If financial integrity problems are discovered, a common legal strategy is to claim someone else committed any offenses creating misrepresentation. However, a well-managed IS environment prevents and detects unauthorized modifications. It takes a series of strong controls to help prove who to hold accountable.
As an example, consider the requirements specified under SOX for public corporations. There are two critical reporting functions that management must fulfill under SOX:
  • SOX Act section 906 statement, in which management attests to the integrity of finan-cials and indicates that no hidden or questionable transactions exist
  • SOX Act section 302 statement, in which management attests that full disclosure of the section 401–404 internal controls has been made to the audit committee, and that no deficiencies or weaknesses were withheld
Management must make their assertions of compliance without reliance on the auditor. The intention of these two statements is to bind management with liability. SOX is essentially a disclosure law. Its purpose is to provide government authorities with a method of ensuring criminal prosecution of corporate officers if management misrepresents the truth.

May 10, 2011

Specific Regulations Defining Best Practices | Implementing Audit Standards

Let's review the basic purpose of several major regulations (see Figure 1). These are predominantly U.S. regulations with worldwide compliance implications due to global outsourcing.
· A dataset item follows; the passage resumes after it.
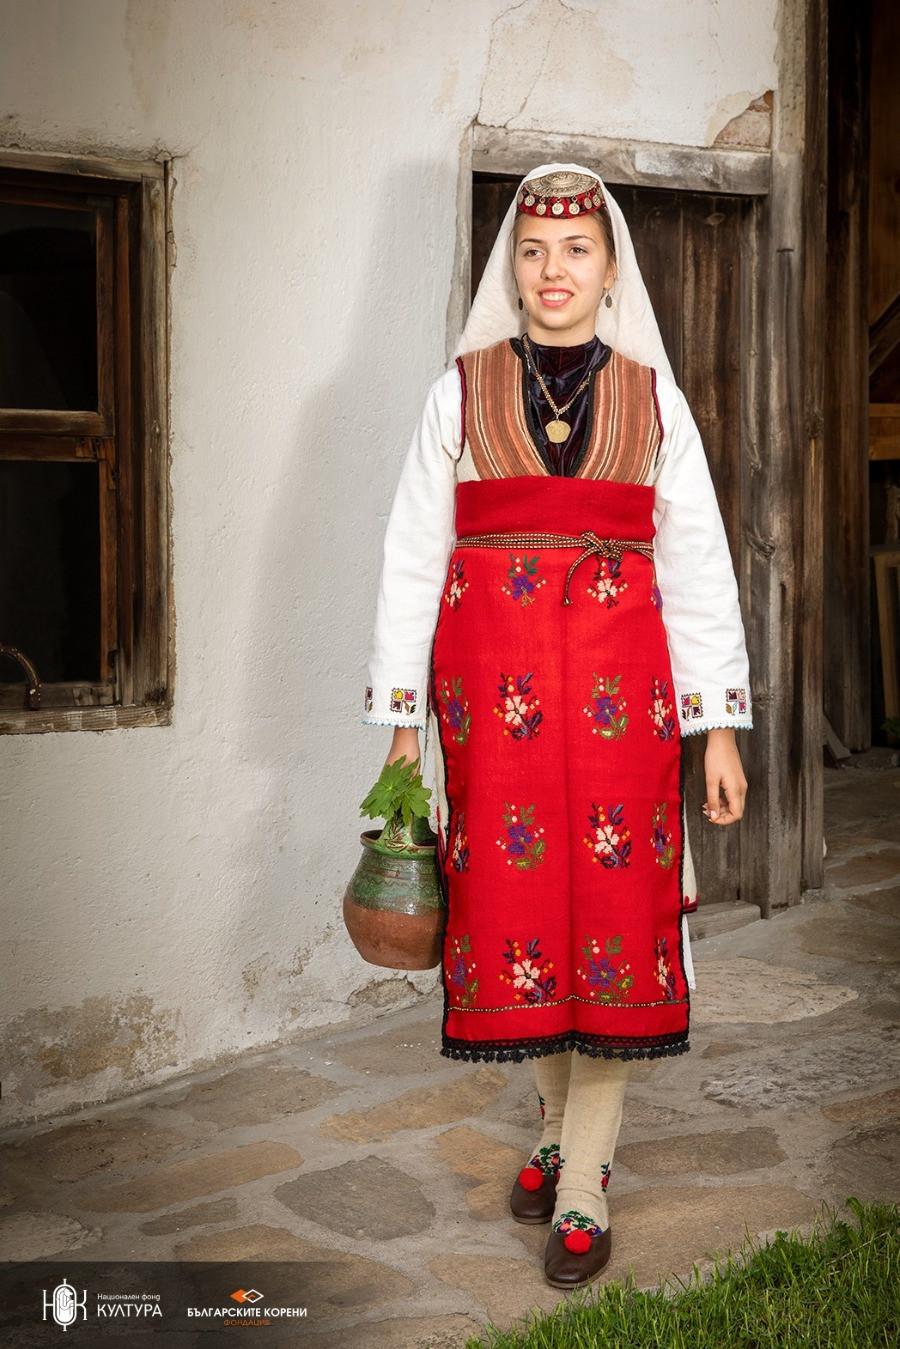 Разложки бял клашник – празнично невестинско облекло от края на ХІХ век

Figure 1: Sample of regulations defining best practices
Every regulation is designed to mandate the minimum acceptable requirements when conducting any form of business within that specific industry. The auditor must remain aware of two types of statements contained in all regulations:
Recommended (Discretionary) These are actions that usually contain statements with the word should—for example, suggested management responsibilities, staffing, control mechanisms, or technical attributes.
Required (Mandatory) These are actions that contain the word shall. Shall indicates the statement is a commandment of compliance. Shall is not optional. The auditor must remember that failing to meet a required Shall objective is a real concern. The regulations serve to protect the citizens at large.
Incredible justification would usually be required to prove the organization's actions do not fall under the jurisdiction of the regulation. The regulator will accept no excuses without a major battle, and on almost every occasion will win any potential disputes. Most juries are composed of individuals who will interpret claims by using a basic commonsense approach without detailed knowledge of a particular industry. Almost all excuses for violating the regulatory objective have failed in court battles.
Each organization in that market is required to meet the objective in spite of cost or revenue issues. In other words, the organization must comply even if it means that compliance will cause the organization to lose money. Failure to make a profit is not a valid exception from the law. The organization must strive to obtain compliance or can be forced to exit the industry with fines and sanctions. The auditor may need to consult a lawyer for advice upon discovery of significant violations.